Sleep disordered breathing (SDB) is a well-known complication of obesity in adults and children. It includes primary snoring, upper airway resistance syndrome and obstructive sleep apnoea (OSA). OSA is the most severe entity in the spectrum of SDB, and is characterised by intermittent cycles of upper airway collapse associated with hypoxia and arousal during sleep. It is a prevalent disorder in childhood, affecting 2–3% of children [1]. However, the prevalence of OSA has been reported to be as high as 59% in the context of childhood obesity [2]. The difference in prevalence may be related to a different underlying phenotype distinguishing OSA in obese children from that in normal-weight children [3]. Several complications are associated with OSA in childhood, including cardiovascular, neurological and metabolic complications [4-6]. However, the linking mechanisms between OSA and its associated complications remain unclear. Previous studies in an obese paediatric population did not find any relationship between OSA, systemic inflammation or adipokine secretion [7, 8], in contrast to a normal-weight paediatric population [9-11]. Therefore, other options need to be explored. Autonomic dysfunction has been suggested as a key feature in the development of cardiac and metabolic consequences of both adult and paediatric OSA [4, 12, 13]. It is expected that the sympathetic tone increases while the parasympathetic tone decreases in patients with OSA. Heart rate variability (HRV) describes the variation between consecutive heart beats, and the regulation of HRV stems from the parasympathetic and sympathetic nervous systems [14]. Consequently, HRV can be used as a quantitative marker for autonomic nervous system function. Previous studies have investigated the relationship between HRV and OSA in children [15-17]. However, none of these studies focused on a paediatric overweight and obese population as they only included normal-weight subjects.

Furthermore, arousals are associated with hypothalamic–pituitary–adrenal (HPA) axis activation and associated sympathetic activation [18]. Cortisol is the primary human glucocorticoid product of the HPA axis and it is thereby expected that cortisol levels would be higher in patients with OSA. Literature linking HPA function and OSA in adults has been conflicting [19], and data from children is scarce.

Our goal was to investigate the relationship between OSA and sympathetic activity in overweight and obese children by examining HRV and cortisol levels.

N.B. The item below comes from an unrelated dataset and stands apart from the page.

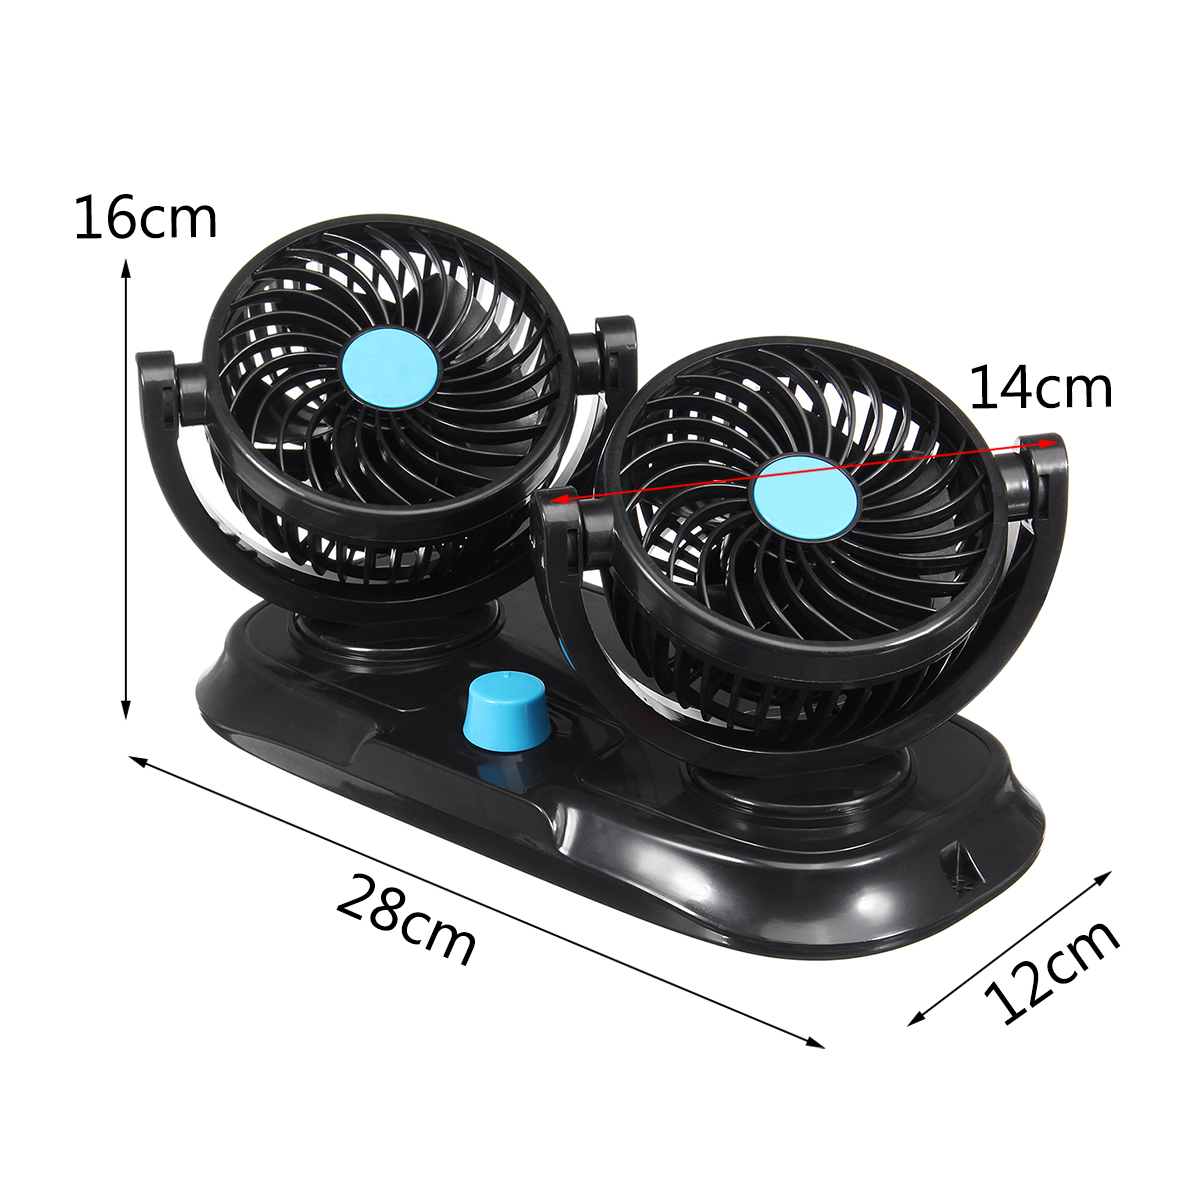 12V-Adjustable-Double-360-Degrees-Mini-Oscillating-Fan-Rotation-Cooling-Fan-Air-Conditioner-1338437-10

The following hypotheses were examined: 1) OSA is associated with an increase in sympathetic heart activity as measured by HRV and 2) cortisol levels are increased in patients with OSA.

Materials and methods

Study population

In this prospective study, consecutive overweight and obese children were recruited between June 2010 and May 2015 at the Paediatric Obesity Clinic of Antwerp University Hospital (Antwerp, Belgium). Children were excluded in case of infection, a chronic medical condition, or genetic, neuromuscular or craniofacial syndromes. The Ethics Committee of Antwerp University Hospital approved this study, and informed consent was obtained from the patients and their parents or legal guardians.

Anthropometry

All measurements were performed in the morning, after an overnight fast with patients undressed. Height, weight, waist circumference and waist-to-hip ratio (WHR) were measured using standardised techniques by skilled personnel. Fat mass was measured with bioelectrical impedance analysis, using the Deurenberg formula for children [20]. Body mass index (BMI) was calculated (kg·m–2) and was further analysed as z-scores, using the Flemish growth study as a reference population [21]. Overweight and obesity were defined according to the International Obesity Task Force criteria [22].

Cortisol

24-h urine collection was conducted to determine the urinary free cortisol (UFC) levels. UFC levels were measured using ultra-performance liquid chromatography followed by mass spectrometry (Acquity UPLC-TQD; Waters, Milford, MA, USA). UFC levels between 7 and 52 µg·24 h–1 were considered normal.

Polysomnography

All children underwent nocturnal polysomnography for at least 6 h. The following variables were continuously measured and recorded by a computerised polysomnograph (Brain RT; OSG, Rumst, Belgium): electroencephalography (C4/Al and C3/A2), electro-oculography, electromyography of anterior tibial and chin muscles, and electrocardiography. Respiratory effort was measured by respiratory inductance plethysmography and arterial oxygen saturation (SpO) was measured by a finger probe connected to a pulse oximeter. Airflow was measured by means of a nasal pressure cannula and thermistor, and snoring was detected by means of a microphone at the suprasternal notch. All patients were monitored on audio/videotape using an infrared camera. Respiratory events were scored according to the American Academy of Sleep Medicine guidelines [23].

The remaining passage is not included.